Не стараясь дать себе ответ на этот вопрос, поскольку в хамсин вообще лучше не забивать себе голову поисками ответов на неразрешимые вопросы, Маша начала стряпать, потом заглянула в гостиную, прислушалась к стонам и метаниям Марка Сироты и пошла за тазиком и полотенцем.
Страдающий от удара хамсином Сирота выглядел ужасно. Он не возлежал на кушетке в позе прокуратора, а растекся по креслу, как это случается с человеческим телом в хамсин, когда руки стекают к коленям, а ноги на пол. У него не было сил даже упереться подошвами в прохладные плиты пола, что было бы ему приятно.
Вообще-то Сирота был неплохо накачан, вполне мускулист и даже поджар, если можно говорить о поджарости столь громадного скопления белка, воды и углеводов, только слегка пропитанных жиром. Но сейчас бицепсы, трицепсы, квадрицепсы и прочие мышцы не напрягали фасций, не стягивали суставов, не двигались и не каменели от избытка в них молочной кислоты, а расплывались, таяли, превращаясь в желеобразную массу.
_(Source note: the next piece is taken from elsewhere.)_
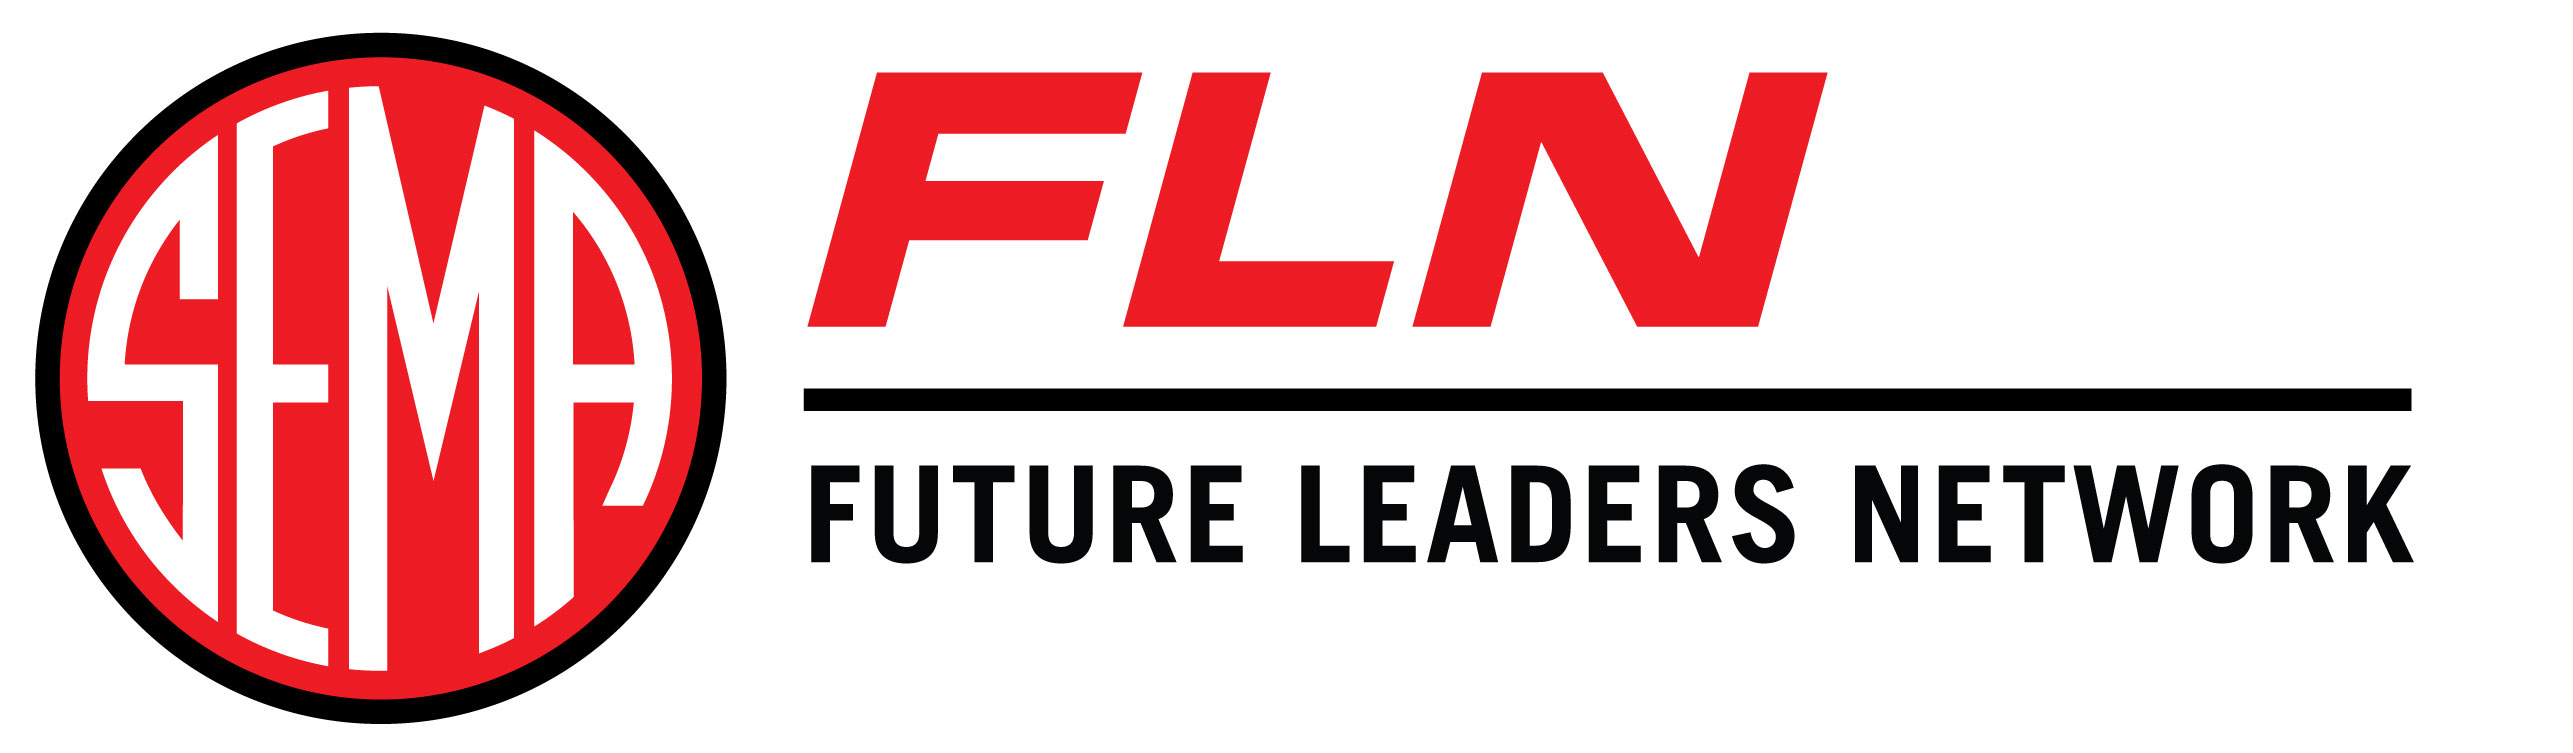 Future Leaders Network - FLN

Пот тек по лбу Сироты, по его полуприкрытым глазам, по щекам и вдоль носа, по шее, меж ключиц и лопаток. Он тек из-под волос на голове, из подмышек и паховых складок — короче, отовсюду, где пусть даже случайно оказалась хоть одна потовая железа. Знаменитая Сиротина шерсть промокла насквозь, собралась в мокрые загогулины на груди, свисала бахромой из-за ушей, торчала дыбом на голове и ногах, ошметками висела на спине.
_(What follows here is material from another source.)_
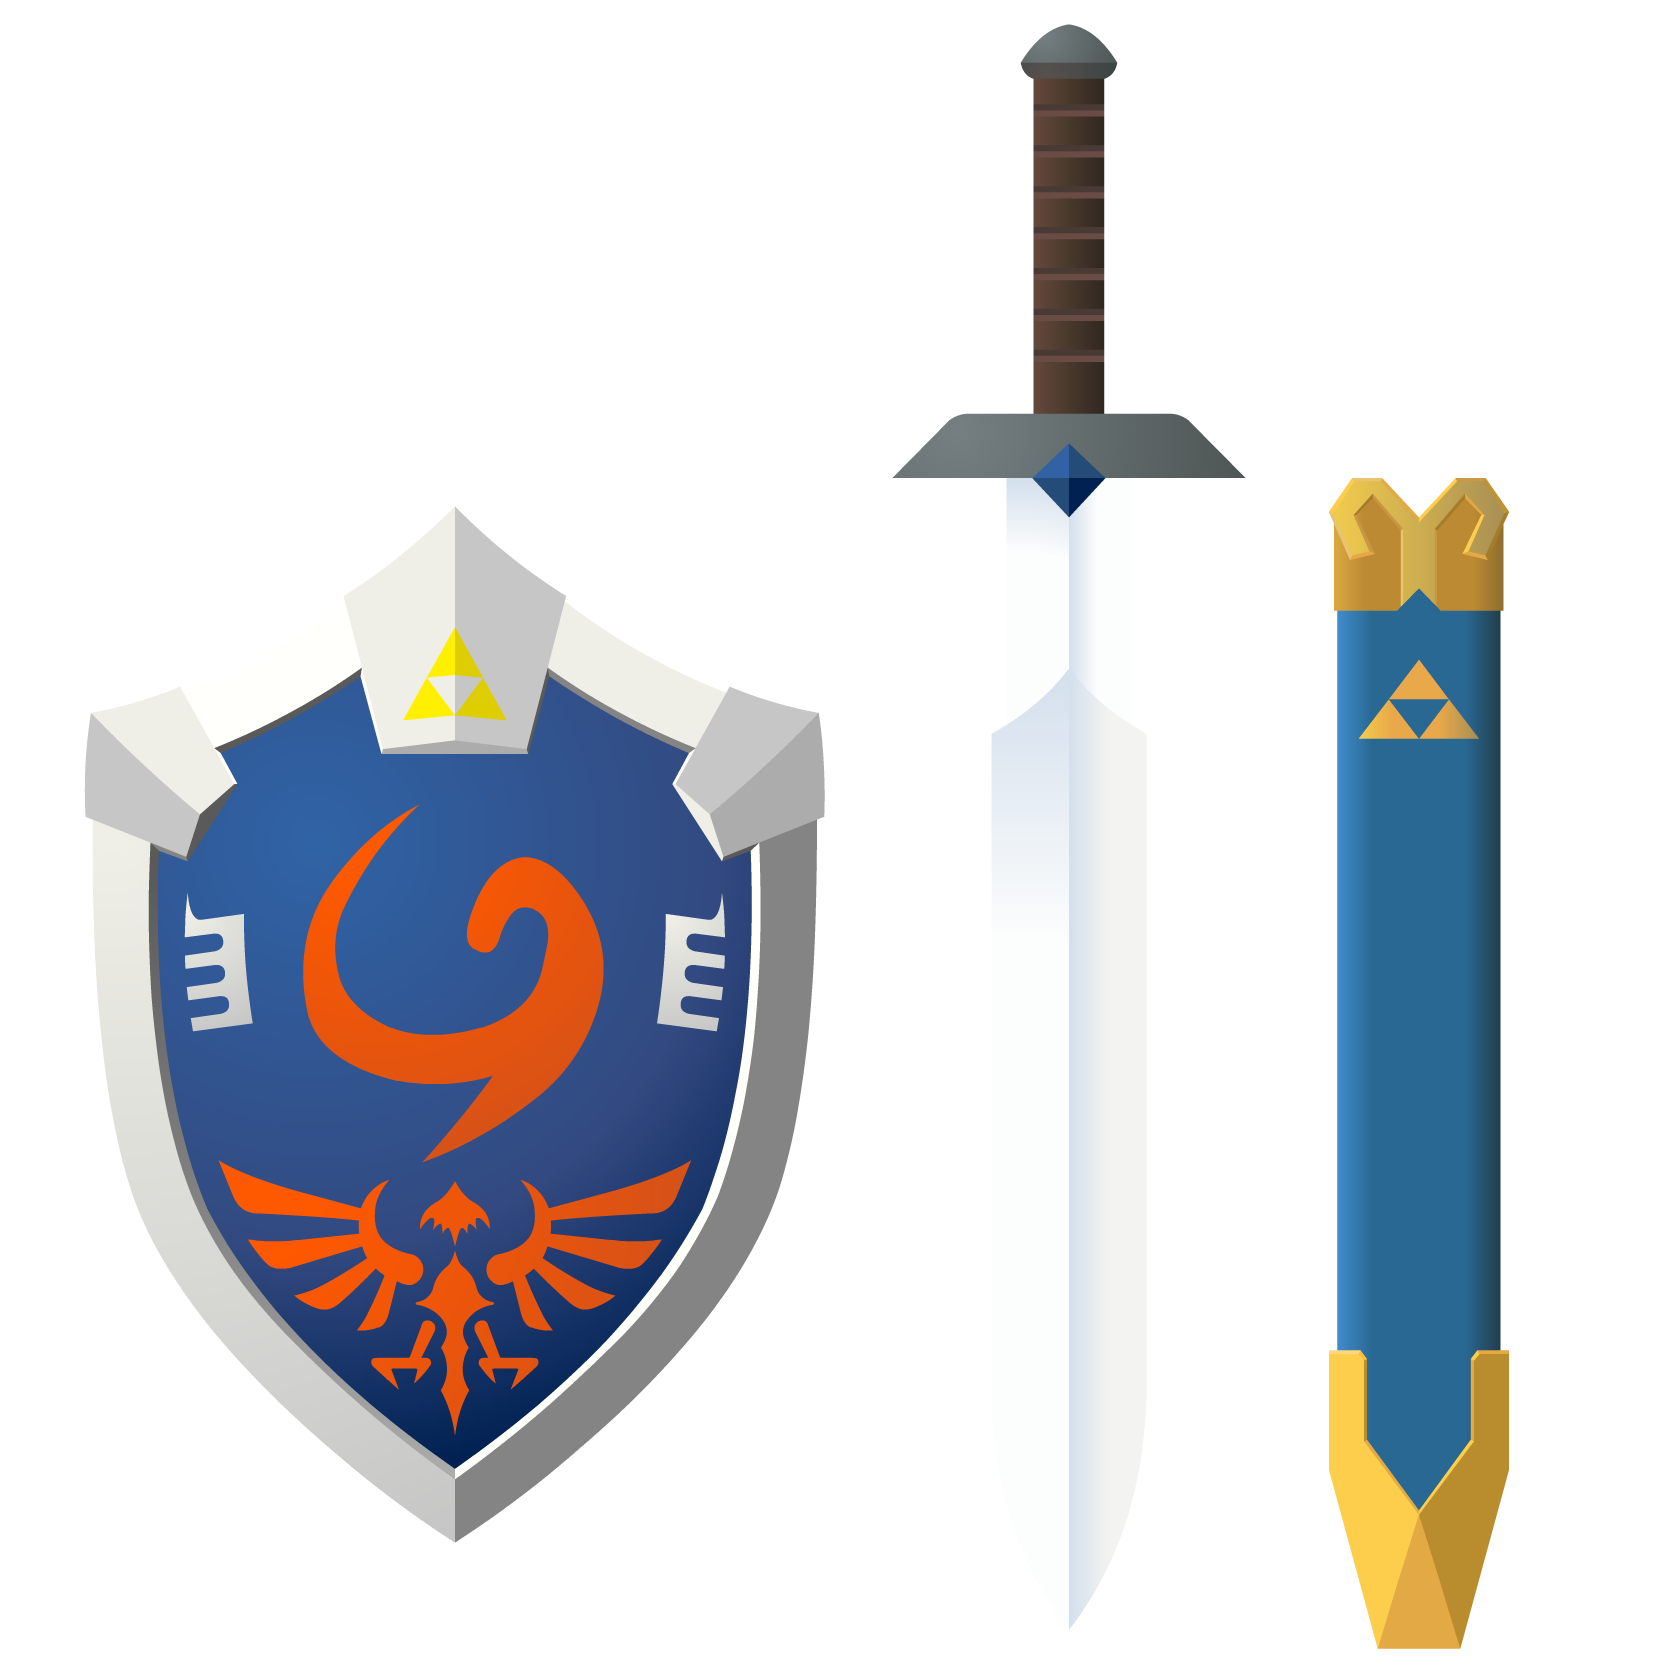 Request - Custom Sword 'n' Shield by Doctor-G on DeviantArt

— Ой-йо-йой! — покачала головой Маша.
Она пододвинула тазик с ледяной водой к самым ступням Сироты, не стала дожидаться, пока он соберется с силами, и сама затащила его ноги в воду.
Сирота ойкнул и затих. Он сидел, согнувшись, сосредоточенно глядя в тазик, двигая покрасневшими пальцами, не очень соображая, что с ним происходит.
— Второй этап, — предупредила Маша и начала обтирать его грудь и спину мокрым полотенцем.
Сирота ежился, ахал, ухал, сопел и постанывал. Однако жизнь начала возвращаться к нему.
— Третий этап! — объявила Маша и, налив на другое мокрое полотенце спирту, обтерла Сироте лицо, шею и затылок.
— Дай! — запыхтел Сирота, выхватил из Машиных рук бутылку с водкой, глотнул из нее, дернулся и затих.